If anyone had listened as Matthew introduced the run and welcomed the less than plentiful Didcotters, they would have learned that (a) the route was perfectly flat, (b) the Hare was lying, (c) the short run was over three miles and (d) the long run was a hasher's 5.5 miles. I think there was a mutter about Kenathon miles, but I was distracted by a comment between two non-hashers entering the pub "I used to play lots of sport like this lot – particularly tennis, football and cricket, but I stopped when my son broke my PlayStation."
Matthew also announced two special new on-back marks. Although his explanation was simple these were almost universally got wrong by the hash – but then, what can you expect from a pack where, on all but five checks around the entire trail, the wrong number of people ran back!
Typically, as we started I checked the wrong way and had to catch up, which I did just in time to scale the truly terrible mountain up through Almshill Wood – by the top of which almost everyone was clapped-out, gasping and walking.
Normally I can rely on my trusty GPS to tell me where I have been but for reasons best known to the accursed device it couldn't identify any of the satellites above for the first couple of miles - and so I have to guess. My guess includes the top of a hill and a few roads.
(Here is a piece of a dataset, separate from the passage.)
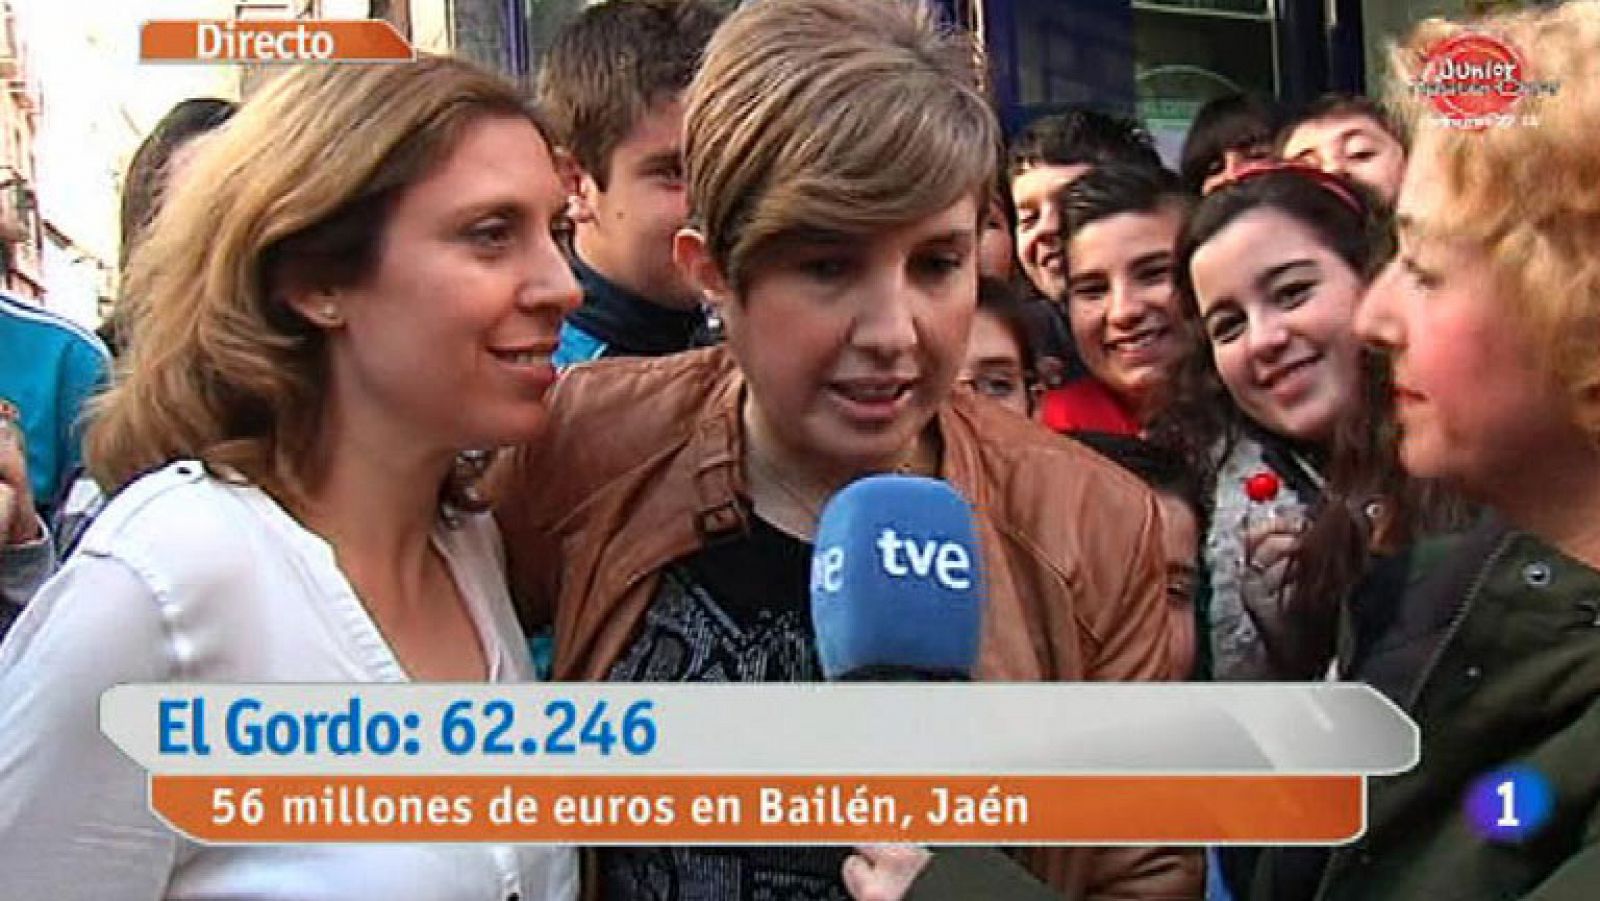 La mañana de La 1 - Bailén celebra el Gordo | RTVE.es

The GPS picked up the trail between Ballam's and the well named Kildridge Woods, just in time for a long and pleasant downhill with a view-stop across to Stonor House (which has belonged to the Stonor family since the late twelve hundreds and is said to have an ancient stone circle built into its chapel).
Having run all the way down the hill back to the road we turned right, then left and ran up another huge but gently inclined hill towards Maidensgrove Common and the pub that we didn't run from as they shut on Tuesdays.
If we had arrived at the common 45 minutes earlier we would have spotted Rob's Green and Harding in attendance as they both went to the wrong pub.
At the end of the common the cry of on-on rang out going from along the road towards a footpath that went left into the woods. This was a pity as it turned out to be the wrong way and all of us that were foolish enough to be in the front half of the pack had to turn around and go back, whereupon we ran around three sides of a square and turned into Park Wood. That is all but Ken who turned not into Park Wood but more into a daemon running machine as he hared off into the darkness, presumably scattering unsuspecting hashers in his wake. I think the hash ought to consider adding him to the (growing) list of runners who we need to kneecap with a baseball bat!
On-on through the wood, down the deliciously long hill towards the pub, across two fields, three lost trails and an awful lot of cow-based fertilizer and we arrived at the on-inn.
Roger made his usual oration and presented Roz with a T shirt for running an insanely large number of runs. After thanking Matthew for the (very enjoyable) hash, chips and goodies he changed his tack and went on about the Pub's toilets. After praising these to the sky and beyond, strenuously exhorting their magnificence and insisting that everyone must visit them, he carried on with wonder and amazement to praise the décor, facilities, beauty and the cute and fluffy little hand-drying towels that adorned these palaces of the privy.
I remember wondering if he was turning gay?